In the meantime, our separate study of BFA effect on PSA secretion (Fig. 5) may also provide useful information on understanding the mechanism of BFA-blocked androgenic action. Such a study showed that DHT-stimulated PSA secretion was completely inhibited/blocked by BFA, possibly resulting from the preceding inhibition of AR transcription. As PSA secretion follows its synthesis that is directly under the androgenic (DHT) regulation via "AR", the inhibition of PSA secretion indicates that no PSA gene activation (required for PSA synthesis) would have been followed because no AR transcription (required for AR synthesis) had been carried out due to the inhibition of its transcriptional activation by BFA. In other words, no AR protein would be synthesized and available for activation of PSA gene, resulting in no PSA synthesis and secretion. This may then support the notion that the inhibition of DHT-stimulated PSA secretion by BFA could mainly result from the inhibition of AR transcription.

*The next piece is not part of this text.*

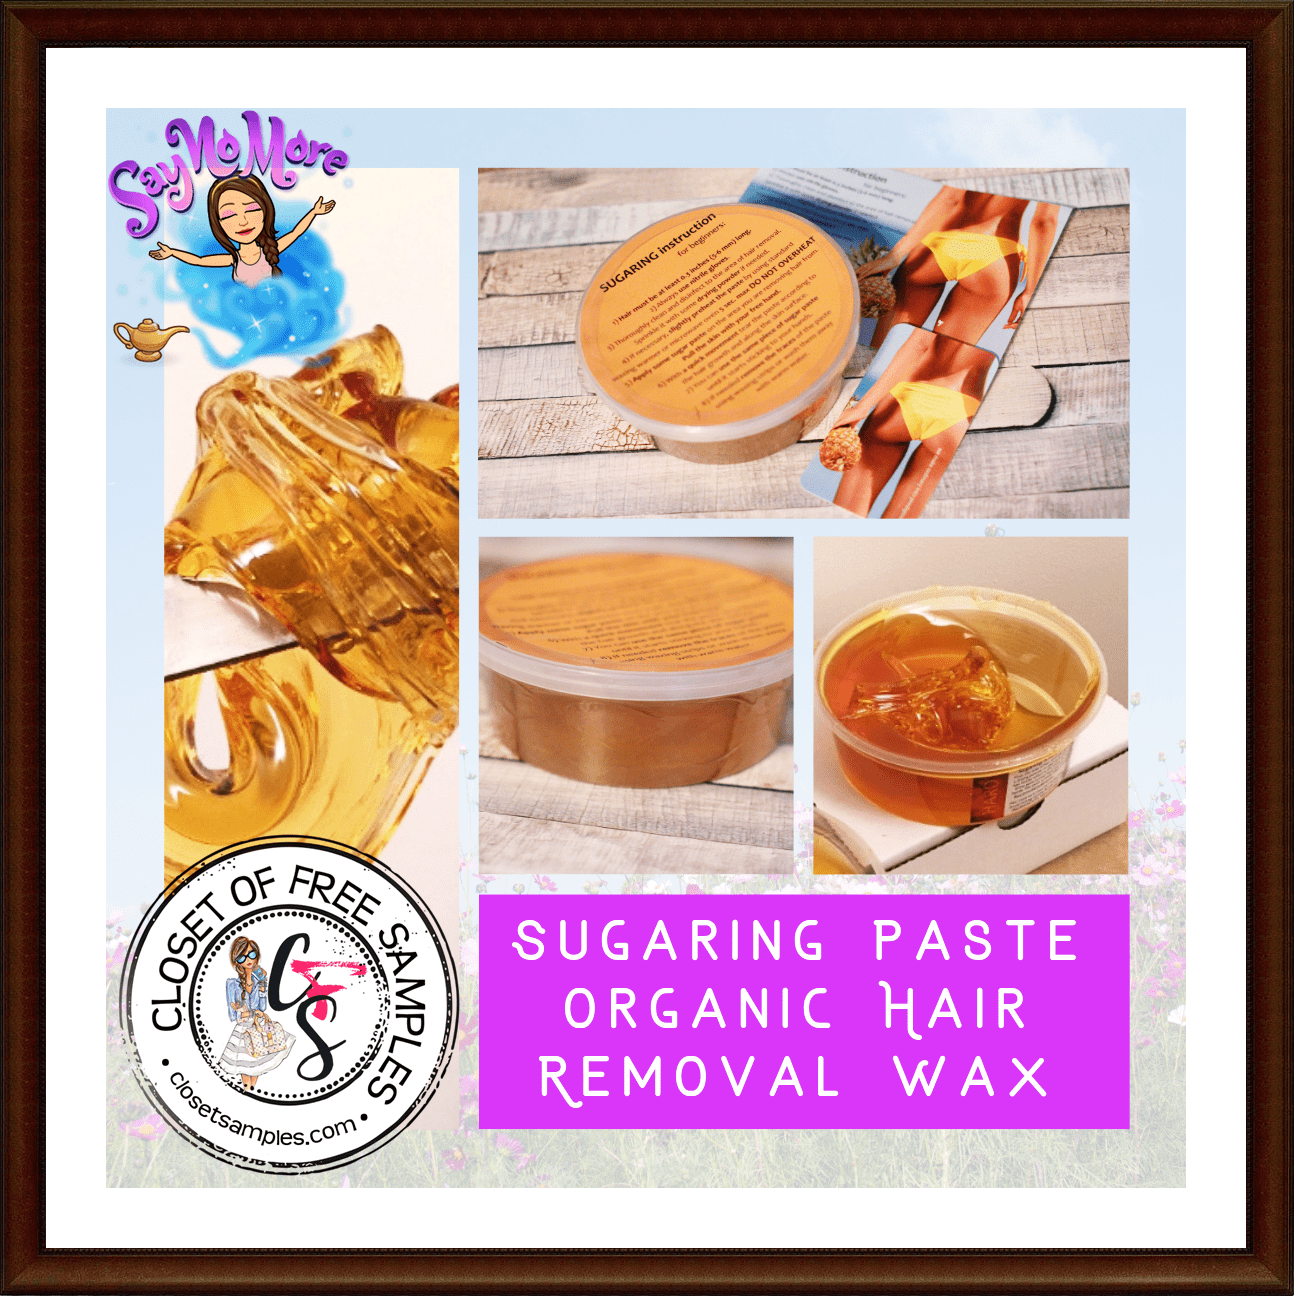 Sugaring-Paste-Organic-Hair-Removal-Wax-Review-Closetsamples.png

Taken all together, BFA-induced growth inhibition appears to be primarily attributed to the greatly reduced AR protein level, although whether "it" would result from AR degradation (through proteasome) or its transcriptional inhibition remains uncertain at present. Further studies are thus warranted and required.
Nevertheless, the fact remains the same that BFA has a direct impact on AR, down-regulating its protein expression as well as its biological activity. This is indeed the primary mechanism, along with a cell cycle arrest, to induce the growth inhibition by BFA in androgen-responsive prostate cancer cells. In addition, previous studies also described the BFA-induced growth inhibition in androgen-independent prostate cancer cells 1416 and primary cultures of prostatic carcinomas 15. Therefore, these findings suggest that BFA may have the diverse growth inhibitory effects on various types of prostate cancers as well as other mammalian malignancies.